In [1]:
import pandas as pd
import numpy as np
import matplotlib.pyplot as plt
import seaborn as sns
import warnings
from sklearn.preprocessing import PowerTransformer
from sklearn.preprocessing import FunctionTransformer
warnings.filterwarnings("ignore")

%matplotlib inline

In [2]:
dataset=pd.read_csv('https://raw.githubusercontent.com/medashabari/MongoDB_test/master/outlier_handled')
dataset.drop(['Unnamed: 0','Date','Time'],axis=1,inplace=True)

In [3]:
dataset.head()

Unnamed: 0,Global_active_power,Global_reactive_power,Voltage,Global_intensity,year,month,day,Total_power_consumed
0,0.332,0.074,241.44,1.4,2010,2,19,1.0
1,0.624,0.128,242.91,2.6,2008,9,20,0.0
2,0.214,0.0,240.92,0.8,2007,2,28,0.0
3,0.876,0.238,246.75,3.6,2010,10,27,1.0
4,0.638,0.198,244.19,3.4,2007,7,14,3.0


In [4]:
## Dependent and independent features

X=dataset.iloc[:,:4]
y=dataset.loc[:,'Total_power_consumed']

In [5]:
X.head()

Unnamed: 0,Global_active_power,Global_reactive_power,Voltage,Global_intensity
0,0.332,0.074,241.44,1.4
1,0.624,0.128,242.91,2.6
2,0.214,0.0,240.92,0.8
3,0.876,0.238,246.75,3.6
4,0.638,0.198,244.19,3.4


In [6]:
y.head()

0    1.0
1    0.0
2    0.0
3    1.0
4    3.0
Name: Total_power_consumed, dtype: float64

In [7]:
## Splitting train and test data

from sklearn.model_selection import train_test_split

X_train,X_test,y_train,y_test=train_test_split(X,y,test_size=0.25,random_state=42)

In [8]:
from sklearn.preprocessing import StandardScaler

In [9]:
## Applying standard Scaler

scaler = StandardScaler()
X_train_scaled=scaler.fit_transform(X_train)
X_test_scaled=scaler.transform(X_test)


#### pickling the scaler object

In [10]:

import pickle
pickle_out=open('scaler.pkl',"wb")
pickle.dump(scaler,pickle_out)

In [11]:
pickle_out.close()

#### loading the pickled object

In [12]:
pickle_in = open('scaler.pkl','rb')
scaler_loaded=pickle.load(pickle_in)

## Model Building

In [13]:
from sklearn.linear_model import LinearRegression,Lasso,Ridge,ElasticNet
from sklearn.metrics import r2_score,mean_squared_error,mean_absolute_error


In [14]:
## linear regression
model = LinearRegression()
model.fit(X_train_scaled,y_train)
x_predicted=model.predict(X_train_scaled)
score=r2_score(y_train,x_predicted)
print(f"Training r2 score {score}")
print(f"Training Adjusted r2 score {1 - (1-score)*(len(y_train)-1)/(len(y_train)-X_train.shape[1]-1)}")
y_pred = model.predict(X_test_scaled)
score=r2_score(y_test,y_pred)
print(f"Testing r2 score {score}")
print(f"Testing Adjusted r2 score {1 - (1-score)*(len(y_test)-1)/(len(y_test)-X_test.shape[1]-1)}")

## MAE MSE AND RMSE

print(f"Mean squared error {mean_squared_error(y_test,y_pred)}")
print(f"Mean absolute error {mean_absolute_error(y_test,y_pred)}")
print(f"Root Mean squared error {np.sqrt(mean_squared_error(y_test,y_pred))}")

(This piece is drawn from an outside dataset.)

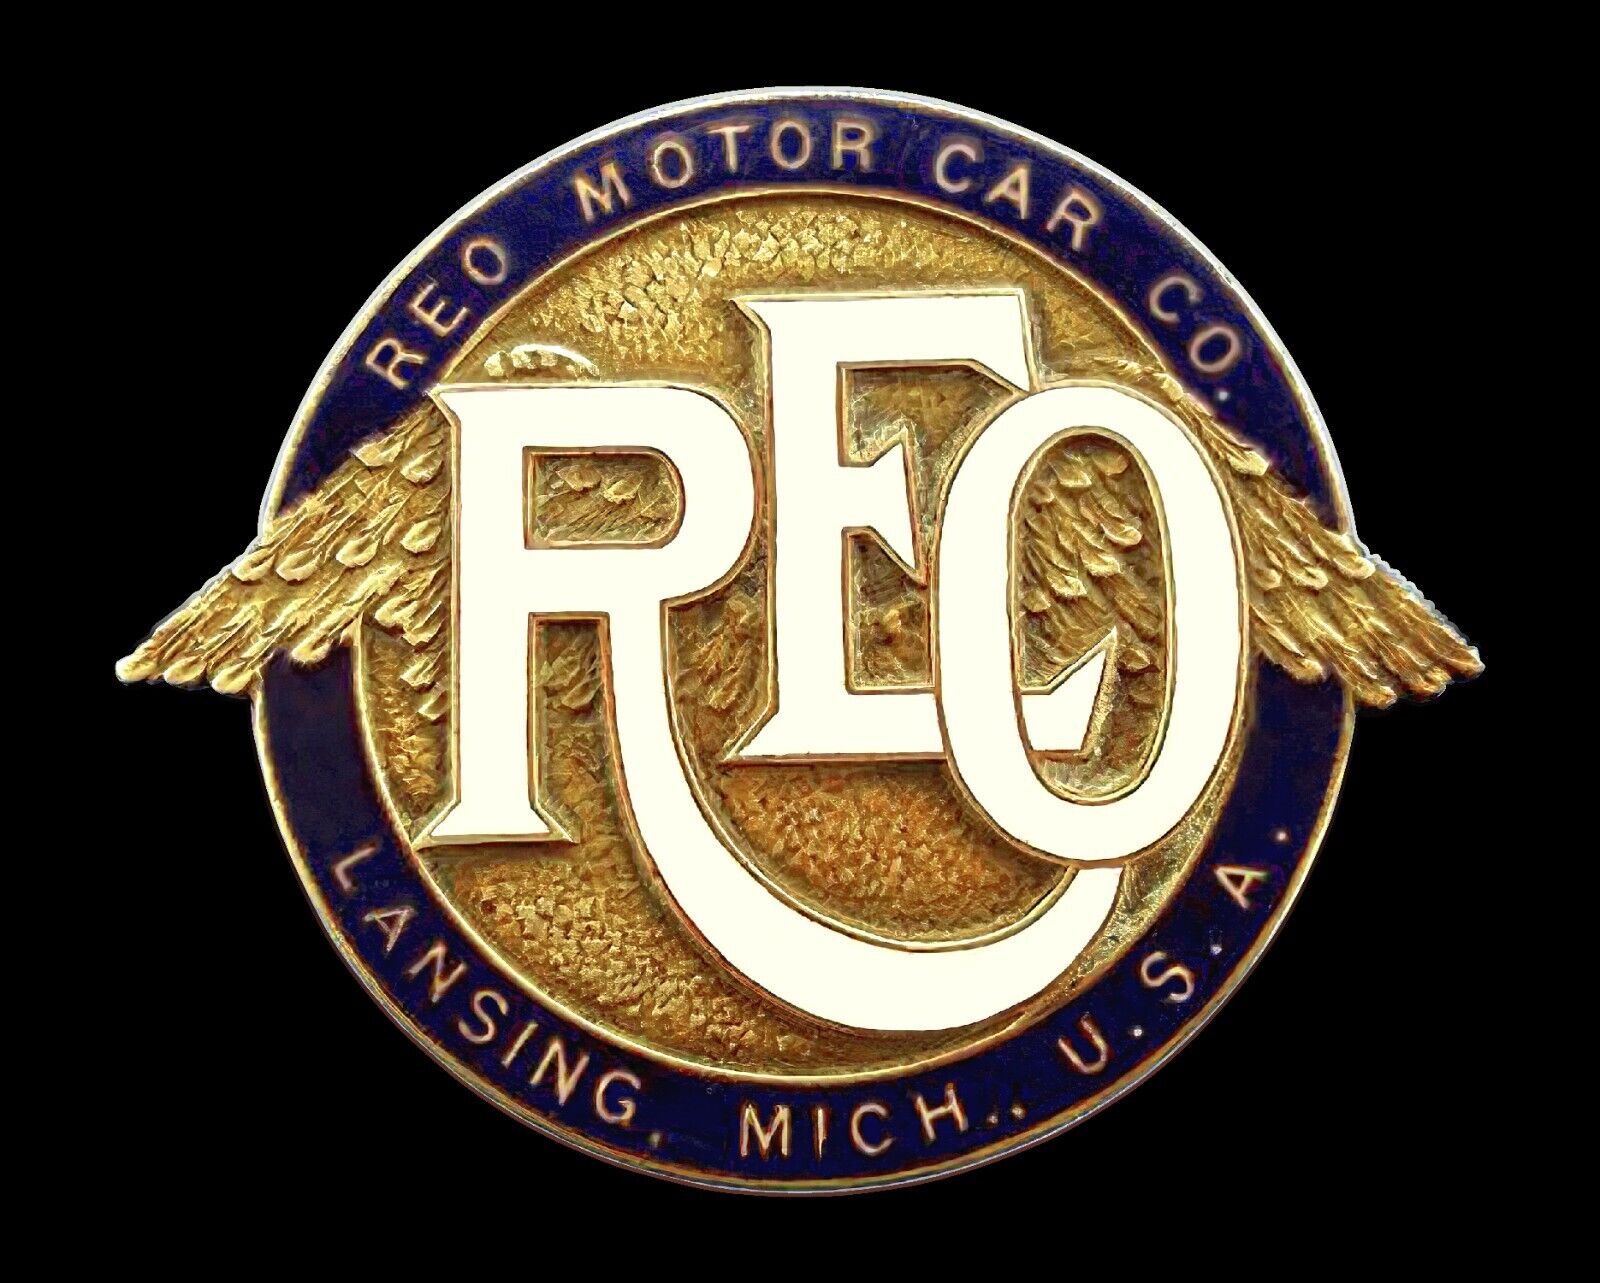 REO Motor Car Company - Vintage 1928 Radiator Emblem Sticker Decal

Training r2 score 0.698763112426554
Training Adjusted r2 score 0.6987224019883388
Testing r2 score 0.7013699957242017
Testing Adjusted r2 score 0.701248884498702
Mean squared error 38.88877640814374
Mean absolute error 4.135562303883285
Root Mean squared error 6.2360866260936225


-  Because of outliers in target feature we got high MSE value

In [15]:
## Ridge Regression

model = Ridge()
model.fit(X_train_scaled,y_train)
x_predicted=model.predict(X_train_scaled)
score=r2_score(y_train,x_predicted)
print(f"Training r2 score {score}")
print(f"Training Adjusted r2 score {1 - (1-score)*(len(y_train)-1)/(len(y_train)-X_train.shape[1]-1)}")
y_pred = model.predict(X_test_scaled)
score=r2_score(y_test,y_pred)
print(f"Testing r2 score {score}")
print(f"Testing Adjusted r2 score {1 - (1-score)*(len(y_test)-1)/(len(y_test)-X_test.shape[1]-1)}")

## MAE MSE AND RMSE

print(f"Mean squared error {mean_squared_error(y_test,y_pred)}")
print(f"Mean absolute error {mean_absolute_error(y_test,y_pred)}")
print(f"Root Mean squared error {np.sqrt(mean_squared_error(y_test,y_pred))}")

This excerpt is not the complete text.